Despite the lethargic and carefree effort against the reigning Western Conference Semi-Finalist, the Wolves found themselves ahead 68-63 with 7 minutes to go in the 4th Quarter.  I was pleasantly surprised to see this young-and-flashy crew surviving a dogfight of a game with the tone clearly-set by the dogged defensive effort of the veteran Grizzlies.  The game bore resemblance to the recent loss to Milwaukee, where a half court, physical battle was not to the Wolves liking.  Particularly with respect to young Rubio (12 points, 10 assists, 4 turnovers) tonight showed an ability to respond proactively to elite pressure defense.

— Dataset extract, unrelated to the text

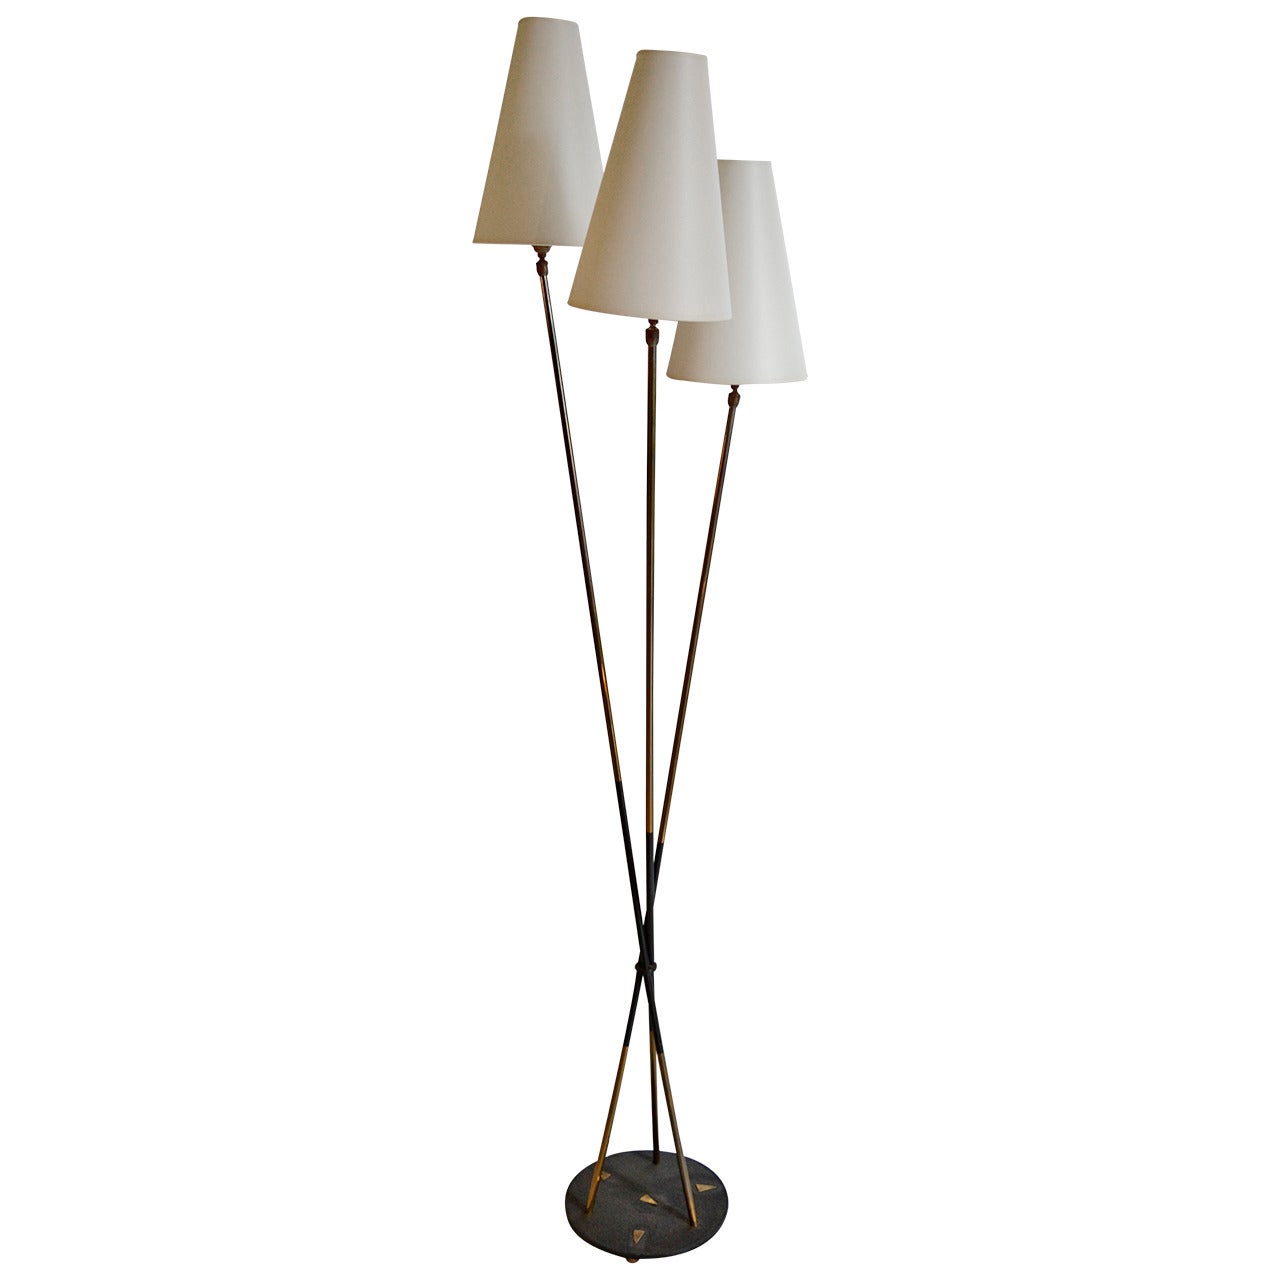 1950s Floor Lamp Designed by Arlus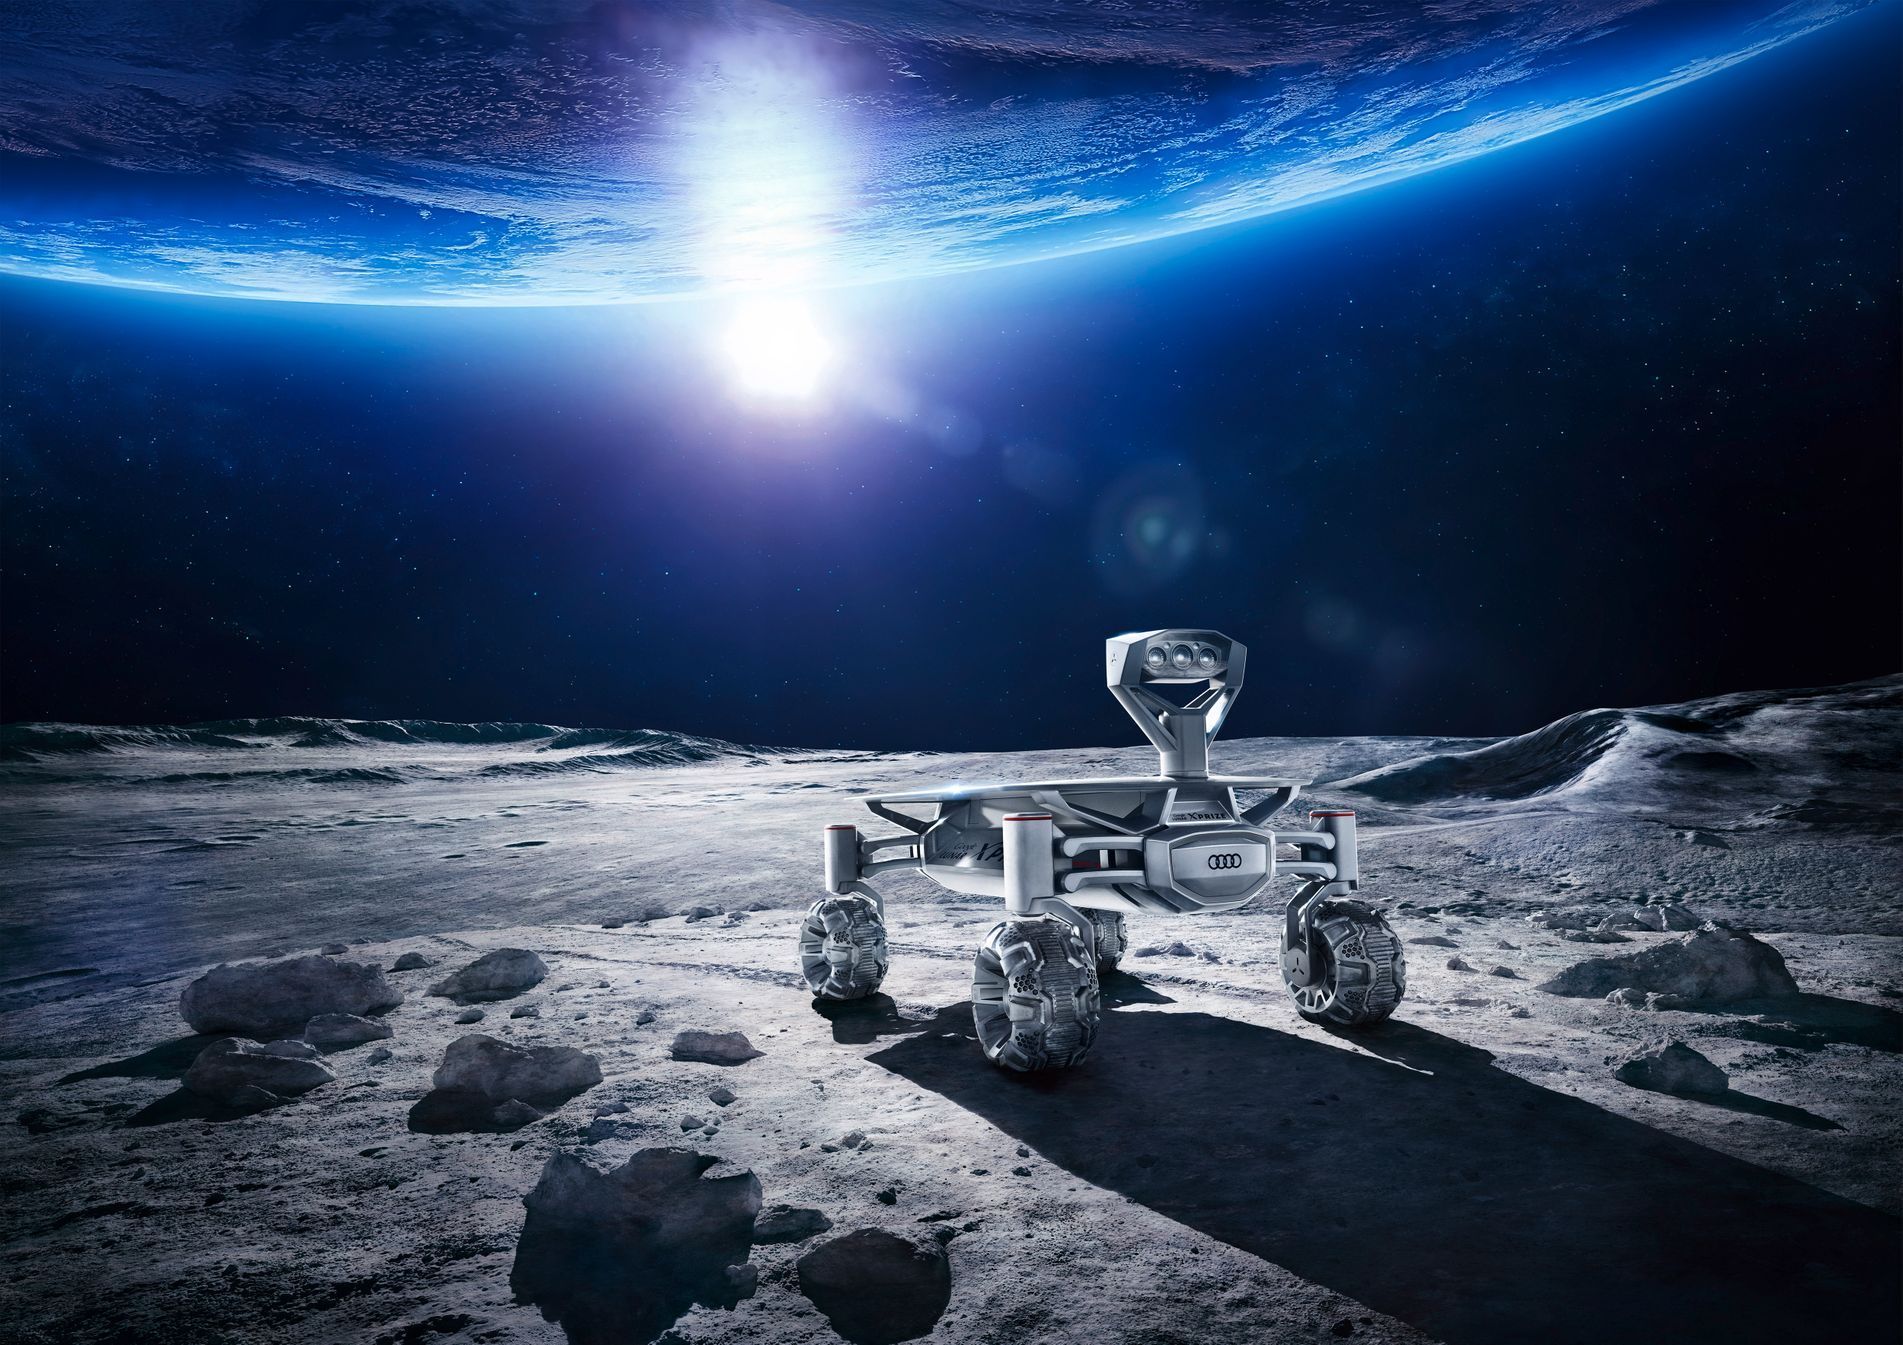 Lunární vozítko Audi bude na Měsíci natáčet videa, které přes měsíční mobilní síť zašle na Zem.

But alas, the game fell apart down the stretch.  Spearheaded by former Timberwolf draftee, O.J. Mayo, the Grizz ripped off a 13-0 4th Quarter run that was more reminiscent of last season than anything us excited fans have witnessed, thus far in the Adelman Era.  Along with defensive struggles against the versatile Memphis swingmen, the Wolves (specifically, Ricky Rubio and Michael Beasley) missed 4 of 4 free throw attempts during this ugly and extended sequence.  In fact, Minnesota shot a pitiful 13-24 from the charity stripe; a lousy 54 percent that, more than anything, cost them this otherwise-winnable contest.

Thanks to desperation three’s sunk by Rubio and Love, the game went further than expected.  But the final was 90-86 in favor of the Grizz, leaving Minnesota 2-4 after this most-difficult stretch to open the shortened season.

A few more jottings to wrap this one up:

* Kevin Love, as always, filled the stat sheet with 27 points and 14 rebounds.  This was not even close to his finest effort, however.  He started the game almost as sluggishly as Beasley did, turning the ball over a total of 3 times with 0 assists.  Love was a team-worst (-11) tonight.

* Anthony Tolliver–typically my go-to-guy for identifying the embrace of Rubio-led catch-and-shoot basketball–made the fatal mistake of passing up an open trey to put the ball on the floor.  With one minute to go, down by 2, AT drove and jumped to pass to a Grizzly player who gladly accepted the charity layup to seal the deal on this night.  AT is a smart and aggressive player who will certainly remember next time to catch the ball and shoot it.

* Wes Johnson reverted to his old self after an outlierish 6 for 6 against the Spurs.  Tonight’s 0-5 in 16 minutes is more reflective of his NBA worth.

* Derrick Williams probably earned more playing time in this game than he received.  In just 16 minutes he put together a 6-point, 2-rebound, 1-assist, 0-turnover stat sheet and the team was (+5) with D-Thrill on the court.  As usual, he threw down an emphatic Rubioop with authority.  The rookie is making strides.

* Although Darko rebounded better than usual (8 rebounds, 3 offensive, in 22 minutes) he struggled in parts of this game against the savvy Marc Gasol.  The Spaniard big man is one of the few true centers the NBA has left, and Adelman–perhaps wisely–left Darko on the floor to counter this mammoth interior presence.  In any case, Darko had a (-7) tonight and shot only 1-6.

The Timberwolves cannot relax, BUT– the schedule will now ease up a bit.  We now dip into the extremely-weak bottom half of the Eastern Conference, with Cleveland coming to Target Center on Friday Night.  After that is a short road trip against the atrocious Washington Wi-ZARDS and then the improving-but-beatable Toronto Raptors.  If I had to bet, it would be that the Wolves will win 2 of 3.  However, a clean sweep of these bottom feeders would show a strong resurgence after blowing this one against the depleted Grizzlies of Memphis.